REQUIREMENT: Among the lines of the records, find all that carry the word "Teppich" and copy them.

MATERIAL TO PROCESS:
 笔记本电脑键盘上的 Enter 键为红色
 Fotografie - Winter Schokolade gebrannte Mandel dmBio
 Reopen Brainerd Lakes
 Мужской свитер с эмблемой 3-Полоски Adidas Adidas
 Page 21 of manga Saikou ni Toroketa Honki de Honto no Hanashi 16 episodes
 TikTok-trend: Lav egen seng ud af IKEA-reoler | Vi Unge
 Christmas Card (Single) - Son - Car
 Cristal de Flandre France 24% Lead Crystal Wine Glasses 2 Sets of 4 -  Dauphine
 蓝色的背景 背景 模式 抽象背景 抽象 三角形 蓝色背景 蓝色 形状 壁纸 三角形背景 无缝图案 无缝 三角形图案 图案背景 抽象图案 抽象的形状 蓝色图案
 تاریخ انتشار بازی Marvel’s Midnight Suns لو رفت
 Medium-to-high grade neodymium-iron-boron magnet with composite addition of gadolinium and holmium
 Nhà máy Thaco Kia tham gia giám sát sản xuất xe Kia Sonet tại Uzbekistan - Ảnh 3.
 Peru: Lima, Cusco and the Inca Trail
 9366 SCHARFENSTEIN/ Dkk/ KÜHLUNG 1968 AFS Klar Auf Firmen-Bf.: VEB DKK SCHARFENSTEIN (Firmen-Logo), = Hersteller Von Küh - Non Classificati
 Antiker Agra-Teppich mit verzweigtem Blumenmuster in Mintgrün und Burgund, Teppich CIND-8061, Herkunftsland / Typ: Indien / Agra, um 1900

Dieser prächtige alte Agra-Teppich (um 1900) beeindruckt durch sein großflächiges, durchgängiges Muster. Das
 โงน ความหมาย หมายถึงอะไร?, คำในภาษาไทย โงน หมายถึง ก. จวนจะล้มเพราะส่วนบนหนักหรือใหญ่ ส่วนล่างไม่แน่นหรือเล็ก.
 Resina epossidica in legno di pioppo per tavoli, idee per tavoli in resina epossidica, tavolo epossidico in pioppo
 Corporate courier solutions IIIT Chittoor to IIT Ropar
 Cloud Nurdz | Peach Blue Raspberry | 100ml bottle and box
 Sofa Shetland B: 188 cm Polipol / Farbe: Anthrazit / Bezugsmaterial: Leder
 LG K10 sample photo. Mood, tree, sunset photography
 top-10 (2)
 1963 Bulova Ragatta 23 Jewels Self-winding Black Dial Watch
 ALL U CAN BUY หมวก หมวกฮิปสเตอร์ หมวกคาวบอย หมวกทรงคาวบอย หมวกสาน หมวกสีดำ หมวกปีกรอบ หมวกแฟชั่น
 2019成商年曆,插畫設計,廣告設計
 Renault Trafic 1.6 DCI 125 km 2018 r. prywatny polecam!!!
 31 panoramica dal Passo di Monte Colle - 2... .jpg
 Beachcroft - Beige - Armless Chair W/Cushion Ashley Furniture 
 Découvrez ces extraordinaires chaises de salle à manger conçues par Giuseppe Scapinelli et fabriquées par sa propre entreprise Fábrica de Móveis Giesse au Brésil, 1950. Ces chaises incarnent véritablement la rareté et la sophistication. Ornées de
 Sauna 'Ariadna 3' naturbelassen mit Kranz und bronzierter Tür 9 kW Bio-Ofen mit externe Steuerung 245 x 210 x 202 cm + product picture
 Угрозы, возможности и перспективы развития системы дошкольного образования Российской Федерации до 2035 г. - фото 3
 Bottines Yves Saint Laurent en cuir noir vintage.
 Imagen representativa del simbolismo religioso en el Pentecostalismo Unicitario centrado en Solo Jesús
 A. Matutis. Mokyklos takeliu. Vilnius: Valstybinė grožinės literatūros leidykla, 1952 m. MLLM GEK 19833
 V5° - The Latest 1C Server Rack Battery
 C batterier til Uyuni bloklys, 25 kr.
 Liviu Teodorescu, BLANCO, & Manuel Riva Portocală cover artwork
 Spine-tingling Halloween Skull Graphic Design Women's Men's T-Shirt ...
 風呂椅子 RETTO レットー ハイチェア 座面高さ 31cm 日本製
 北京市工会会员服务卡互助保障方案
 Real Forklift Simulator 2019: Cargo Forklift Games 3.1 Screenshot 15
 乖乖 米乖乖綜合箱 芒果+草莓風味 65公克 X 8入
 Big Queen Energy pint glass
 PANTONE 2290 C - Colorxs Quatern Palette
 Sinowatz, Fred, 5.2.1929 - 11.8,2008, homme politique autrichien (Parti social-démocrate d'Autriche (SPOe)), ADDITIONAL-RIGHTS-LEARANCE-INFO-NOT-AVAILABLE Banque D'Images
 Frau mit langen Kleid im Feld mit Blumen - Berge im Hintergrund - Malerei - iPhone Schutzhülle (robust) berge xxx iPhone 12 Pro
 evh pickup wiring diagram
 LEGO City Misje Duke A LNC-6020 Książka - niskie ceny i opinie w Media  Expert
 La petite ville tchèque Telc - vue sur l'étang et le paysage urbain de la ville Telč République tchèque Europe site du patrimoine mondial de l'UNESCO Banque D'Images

ANSWER SECTION:
 Antiker Agra-Teppich mit verzweigtem Blumenmuster in Mintgrün und Burgund, Teppich CIND-8061, Herkunftsland / Typ: Indien / Agra, um 1900
Dieser prächtige alte Agra-Teppich (um 1900) beeindruckt durch sein großflächiges, durchgängiges Muster. Das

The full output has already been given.